Сидя на следующий день над третьей книгой «Галатеи», он вдруг заметил, что некоторое время писал почти бессознательно и безотчетно. Он сел за стол с намерением сочинить обычнейшую манерную любовную жалобу. Он перечел, что получилось, — смесь неистовой прозы и неловко спотыкающихся стихов. Это и в самом деле была любовная жалоба, но дикая и запутанная, вылившаяся одним порывом из раненой груди. Не жеманный пастух ворковал здесь над привередливой нимфой. Здесь сотрясал и рвал глухую материю закованный человек в безумной мечте — вернуть ее к полнозвучной жизни.
Ни одно слово не годилось. Вся тончайшая паутина его романа разлетелась бы в клочья.
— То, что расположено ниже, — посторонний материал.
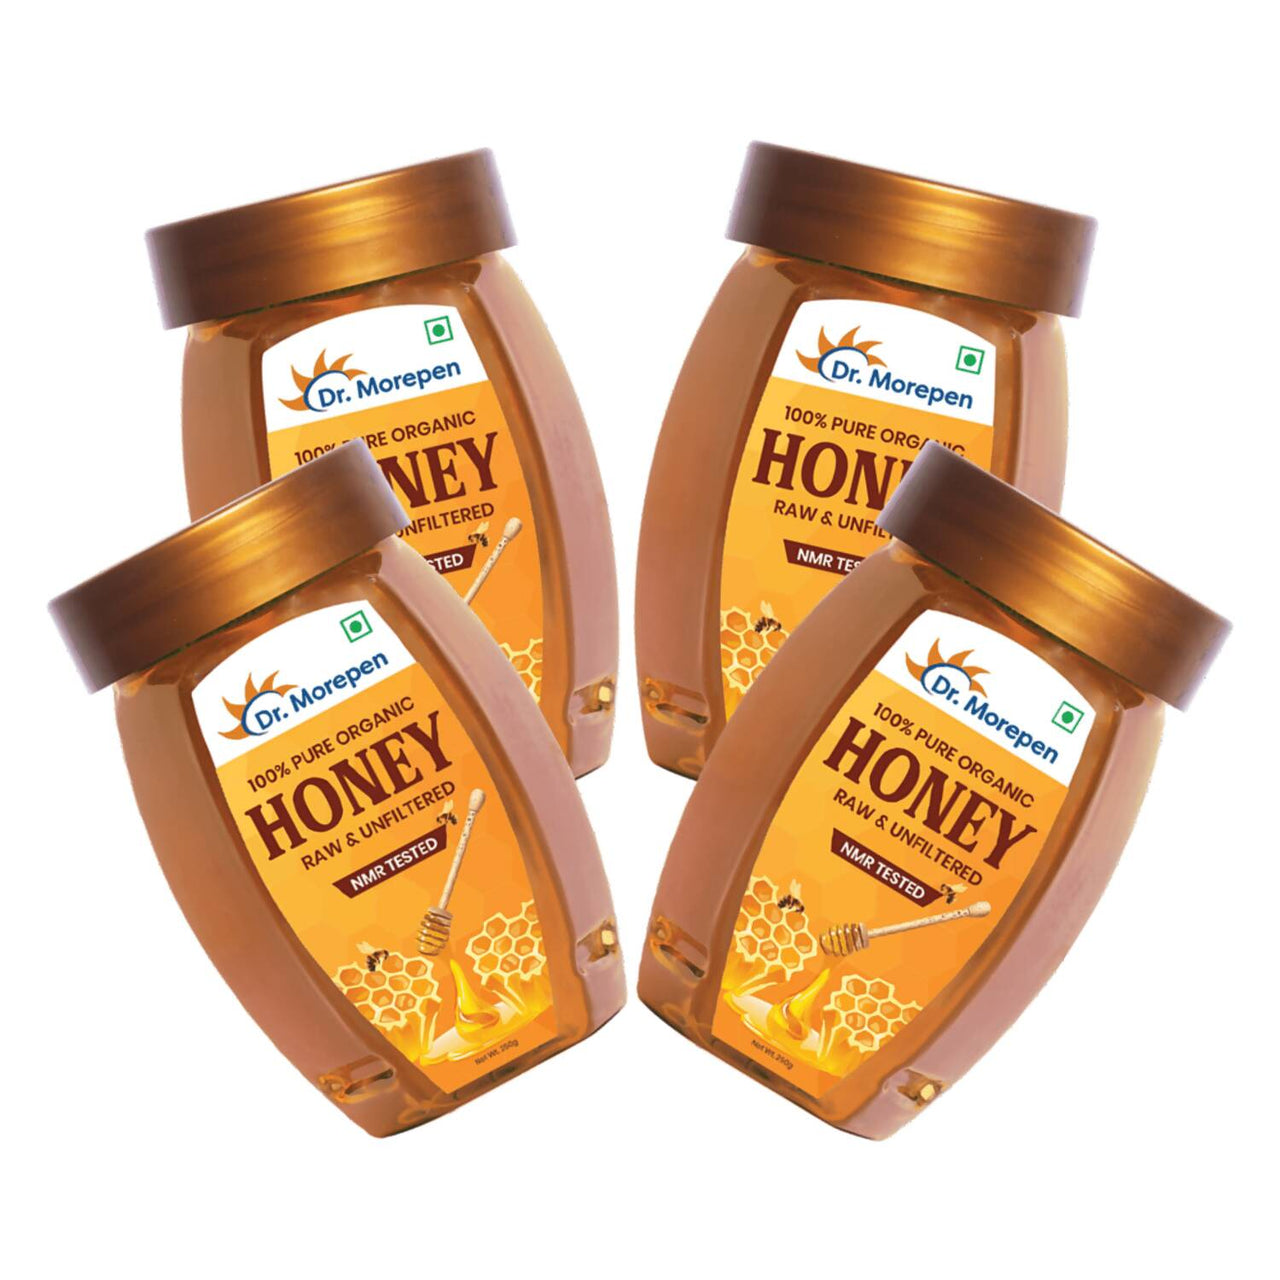 Dr. Morepen 100% Pure Organic Honey NMR Tested - Distacart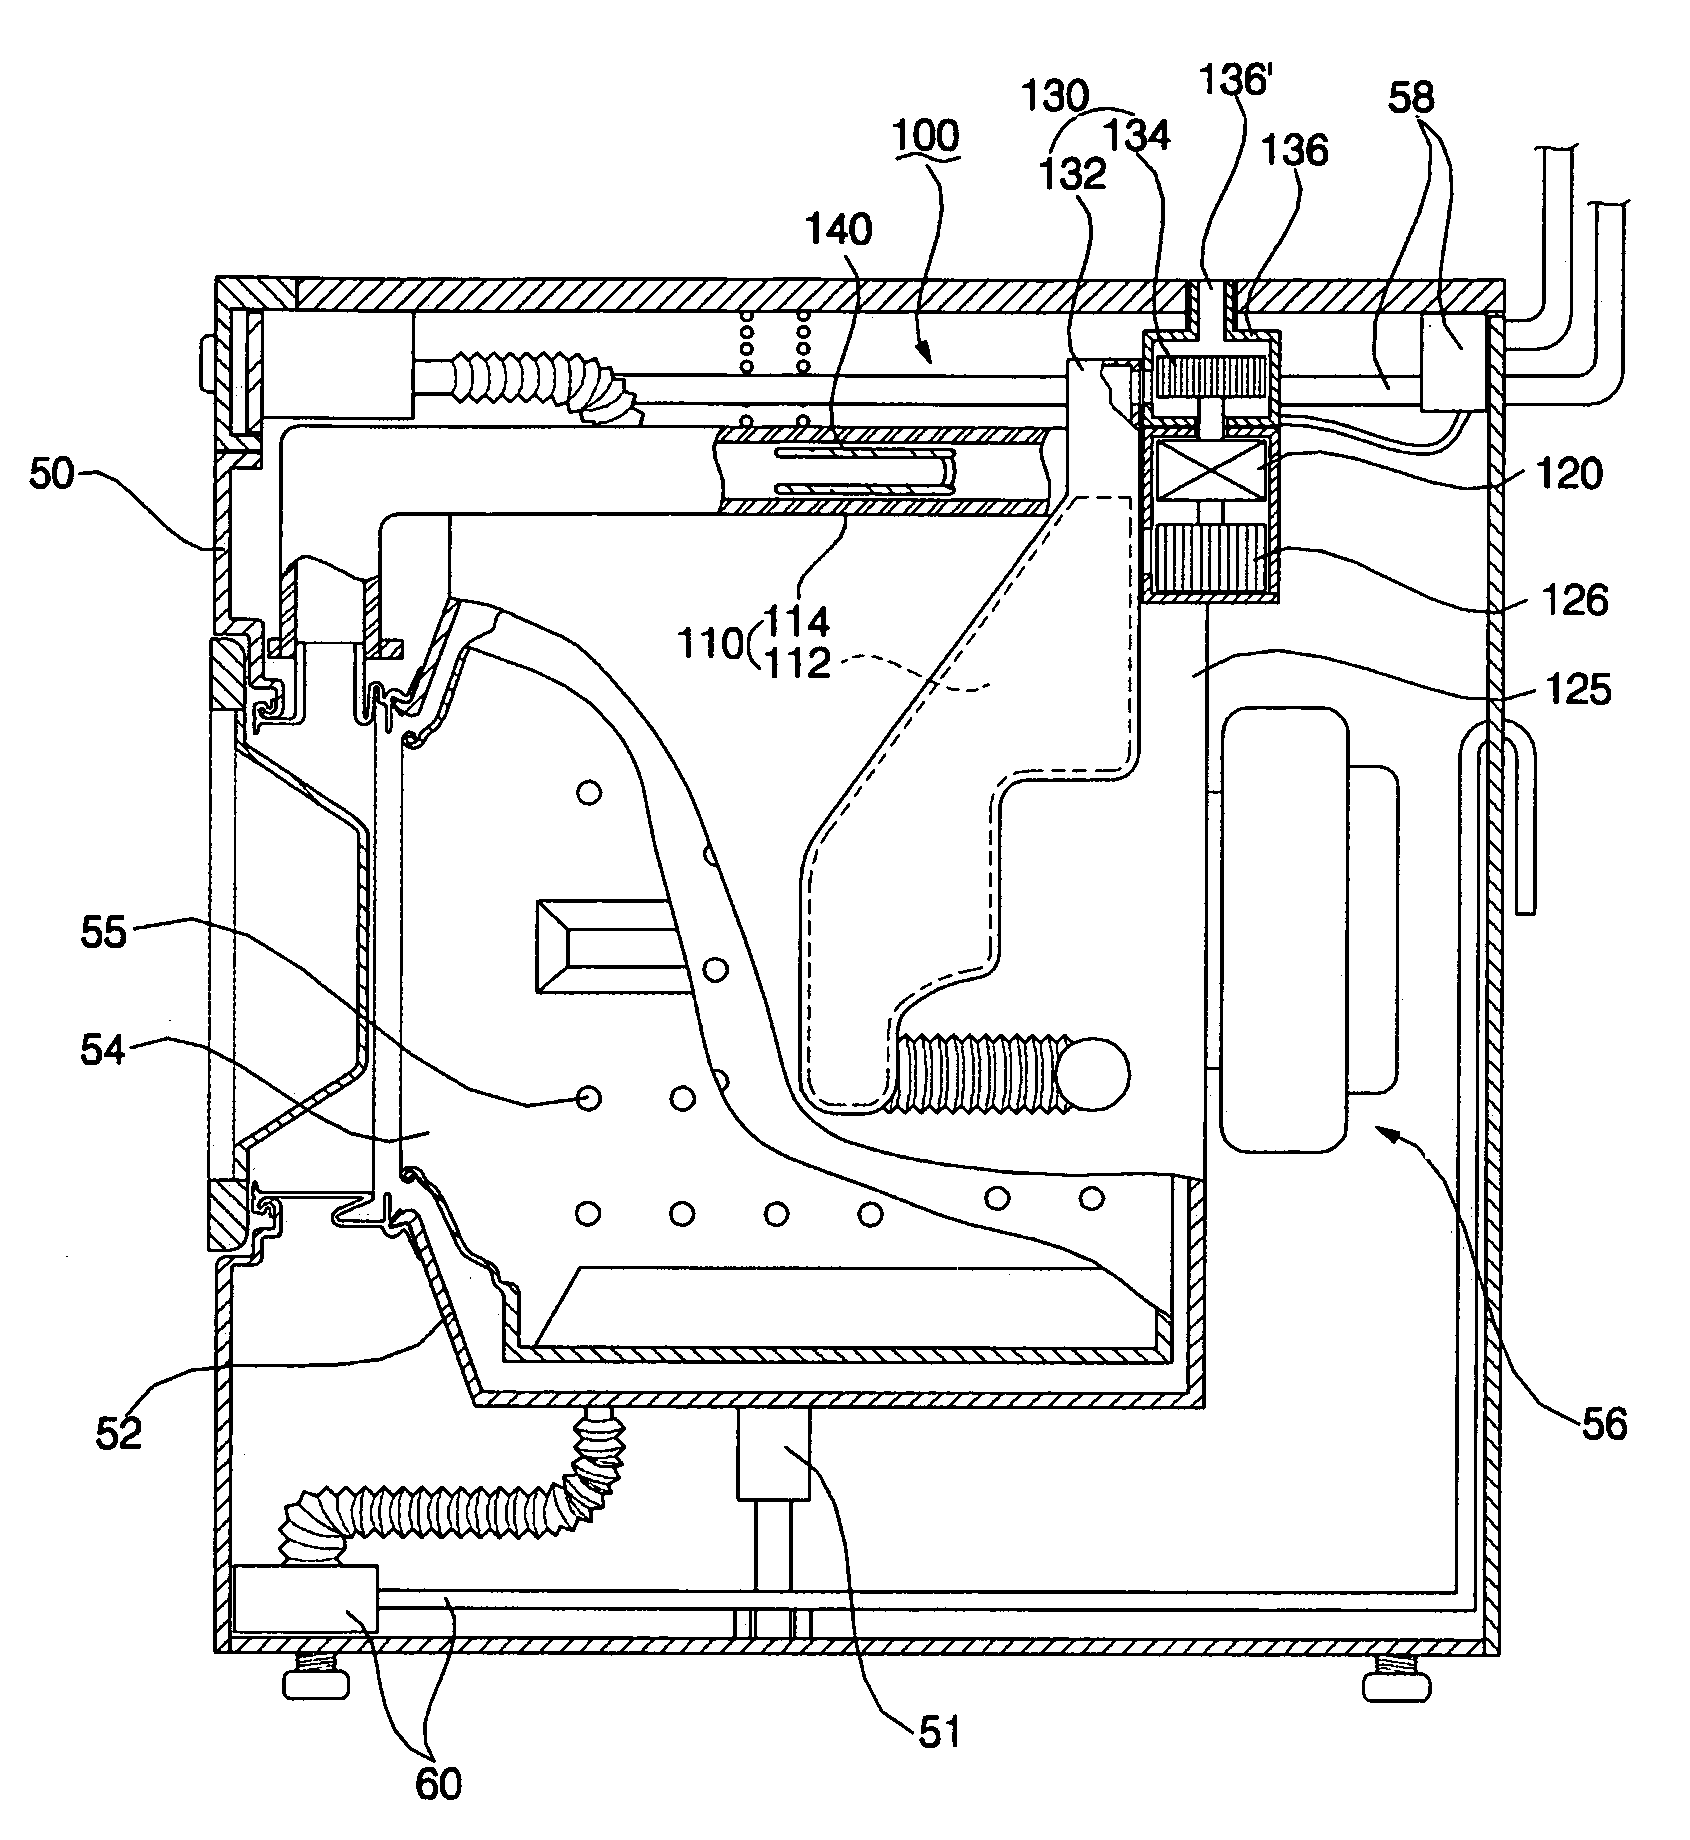 Drying unit for washing machines

Он разорвал три листка.
Снова вышли все деньги, до последнего медяка. Он рыскал вокруг «Привала комедьянтов», подстерегая коллег, мелких сочинителей, у которых было достаточно тщеславия и денег, и предлагал им хвалебные именные стихи, с тем чтоб поместить эти оды в своем произведении. Он откроет им двери в свое бессмертие. Он так и говорил: «в бессмертие», кощунственно издеваясь над самим собой ради пяти реалов. Но этого никогда не хватало. Книгопродавец Роблес с сокрушением, но решительно отказался уплатить еще хоть немного в счет гонорара.
Это в интересах самого сочинителя, потому что иначе он рискует забрать все свои деньги до выхода книги.
Тогда Мигель пошел к сестре Андреа. Ей с ее дочкой жилось все-таки лучше. У нее были две чистенькие комнаты, которые оплачивал ее покровитель. Она очень гордилась своим хозяйством, постарела и стала похожа на примерную горожанку. Но с деньгами было плохо: друг давал ей в обрез и расплачивался с нею еженедельно.
Андреа встала на колени перед шкафом и вытянула из нижнего ящика несколько свертков материи. Не вставая с колен, она, с доброй улыбкой, преподнесла один из них брату. Это была красивая, необычайно прочная тафта, драгоценный подарок одного из прежних любовников, который она приберегла на черный день. Генуэзец Наполеон Ломлен, ссужающий деньги под заклад, даст за это не меньше двадцати дукатов, может быть тридцать. Он знал свертки; они уже успели побывать у него однажды.
Сервантес раздобыл по соседству маленькую тележку, потому что пять свертков были слишком тяжелой ношей, и повез свой заклад к купцу. «К знаменщику?» — любопытствовали на улице мальчишки — тафта была полосатая, красно-желтая. Ее бы хватило на пятьдесят кастильских знамен.
Ана Франка получила новое белье, уплатила часть долгов, в первую очередь в «Герб Леона», где уже перестали им верить. Ана Франка была довольна. Тот панический выпад больше не повторялся. Для Сервантеса наступили недели бедного, маленького, жалкого счастья.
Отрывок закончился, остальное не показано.